• [RECORDED DATA]
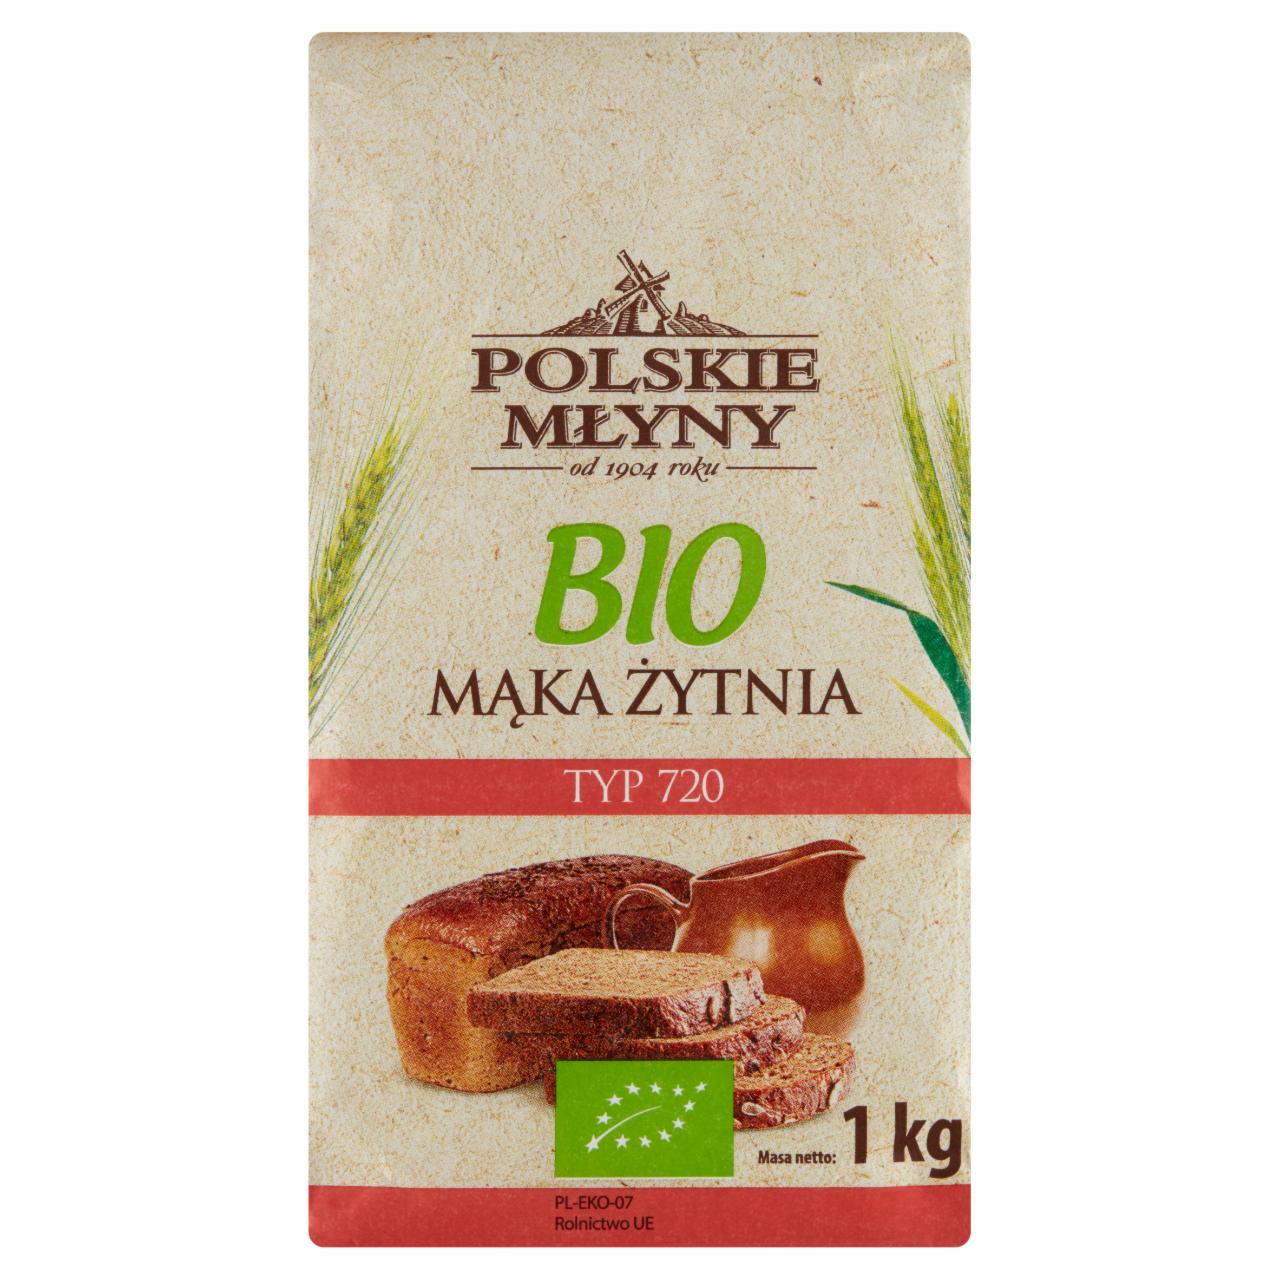 Zdjęcia - Polskie Młyny Bio Mąka żytnia typ 720 1 kg
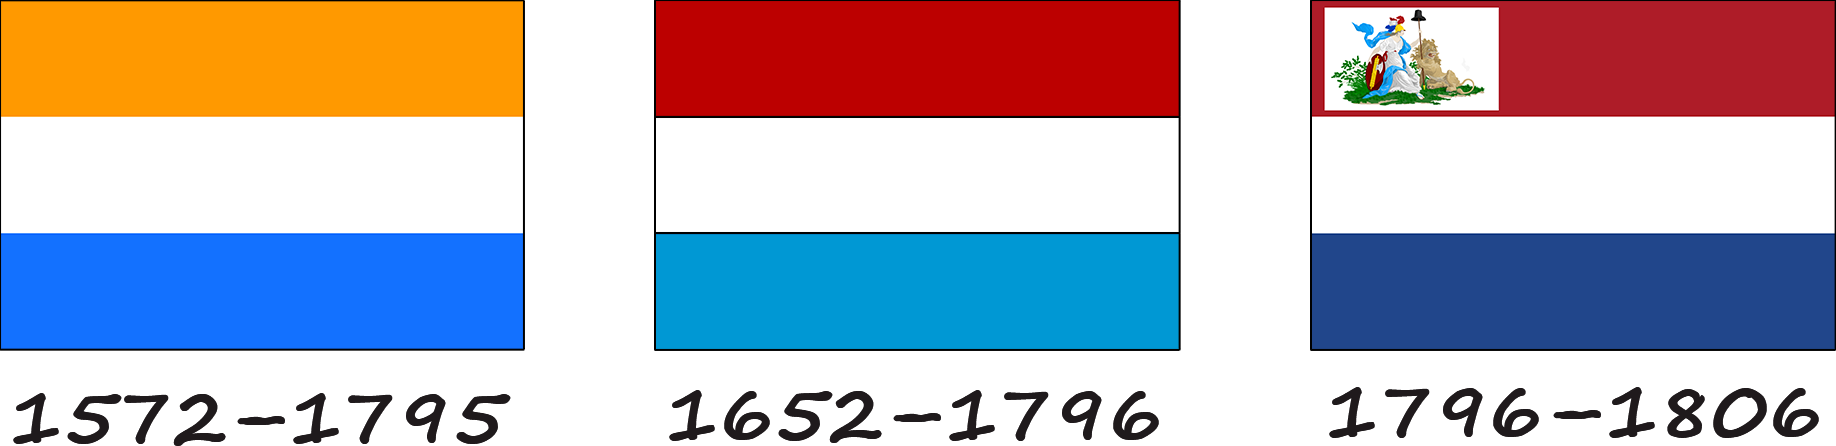 Historia de la bandera holandesa
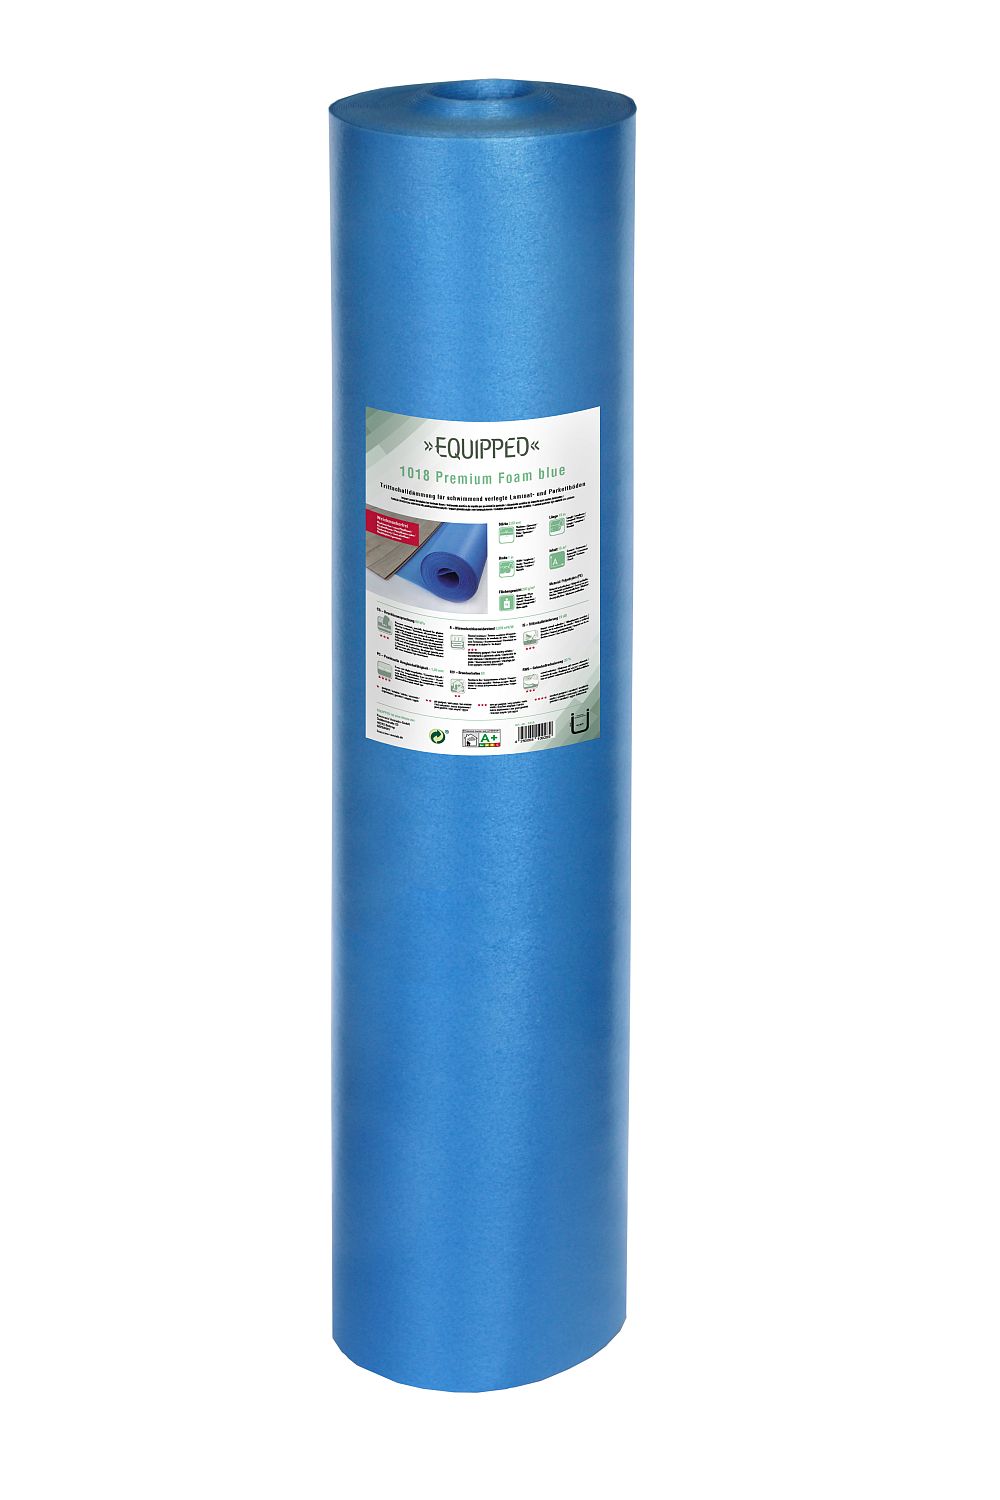 EQUIPPED 1018 Premium Foam blue - 25m²/Rolle - 2 Rollen/Beutel - Breite 1m - Unterlage / Trittschalldämmung für Laminat

• [WHAT TO WORK ON] Please copy the data shown above, line by line and exactly, omitting the images.

• [RESULT]
 Zdjęcia - Polskie Młyny Bio Mąka żytnia typ 720 1 kg
 Historia de la bandera holandesa
 EQUIPPED 1018 Premium Foam blue - 25m²/Rolle - 2 Rollen/Beutel - Breite 1m - Unterlage / Trittschalldämmung für Laminat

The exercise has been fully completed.